Related papers: PRILoRA: Pruned and Rank-Increasing Low-Rank Adaptation

PRILoRA: Pruned and Rank-Increasing Low-Rank Adaptation

URL: http://arxiv.org/abs/2401.11316v1
Date: Sat, 20 Jan 2024 20:25:17 GMT
Title: PRILoRA: Pruned and Rank-Increasing Low-Rank Adaptation
Authors: Nadav Benedek, Lior Wolf
Abstract summary: We introduce PRILoRA, which linearly allocates a different rank for each layer, in an increasing manner, and performs pruning throughout the training process. We validate the effectiveness of PRILoRA through extensive experiments on eight GLUE benchmarks, setting a new state of the art.
Score: 65.268245109828
License: http://creativecommons.org/licenses/by/4.0/
Abstract: With the proliferation of large pre-trained language models (PLMs), fine-tuning all model parameters becomes increasingly inefficient, particularly when dealing with numerous downstream tasks that entail substantial training and storage costs. Several approaches aimed at achieving parameter-efficient fine-tuning (PEFT) have been proposed.
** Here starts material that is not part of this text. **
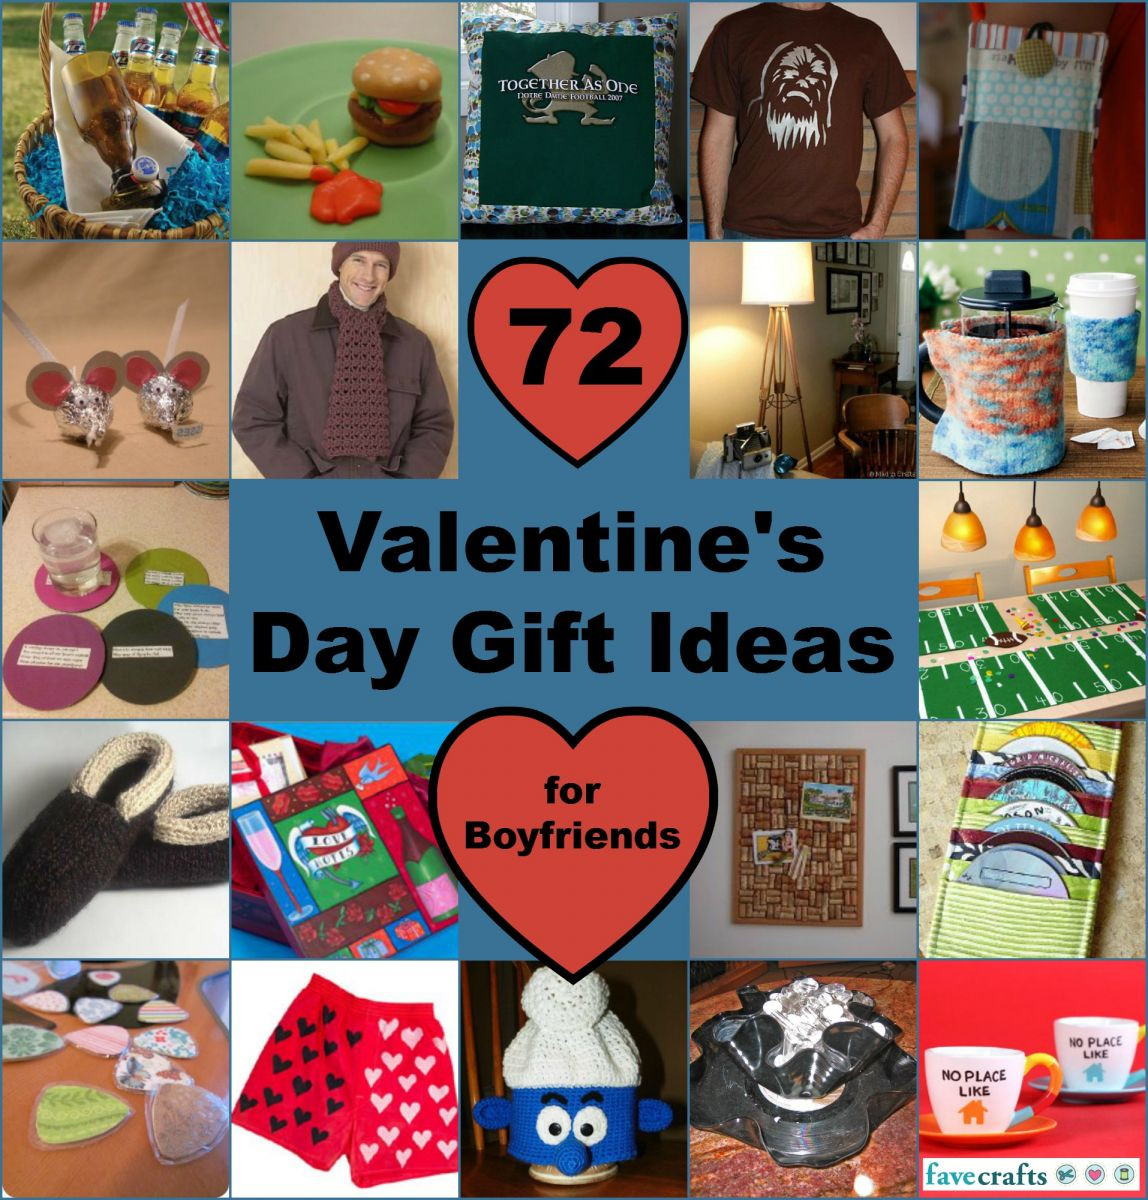 Valentines Gift Ideas For Boyfriend Yahoo
 Top 15 Favorite Valentine s Arts and Crafts Videos and

Among them, Low-Rank Adaptation (LoRA) stands out as an archetypal method, incorporating trainable rank decomposition matrices into each target module. Nevertheless, LoRA does not consider the varying importance of each layer. To address these challenges, we introduce PRILoRA, which linearly allocates a different rank for each layer, in an increasing manner, and performs pruning throughout the training process, considering both the temporary magnitude of weights and the accumulated statistics of the input to any given layer. We validate the effectiveness of PRILoRA through extensive experiments on eight GLUE benchmarks, setting a new state of the art.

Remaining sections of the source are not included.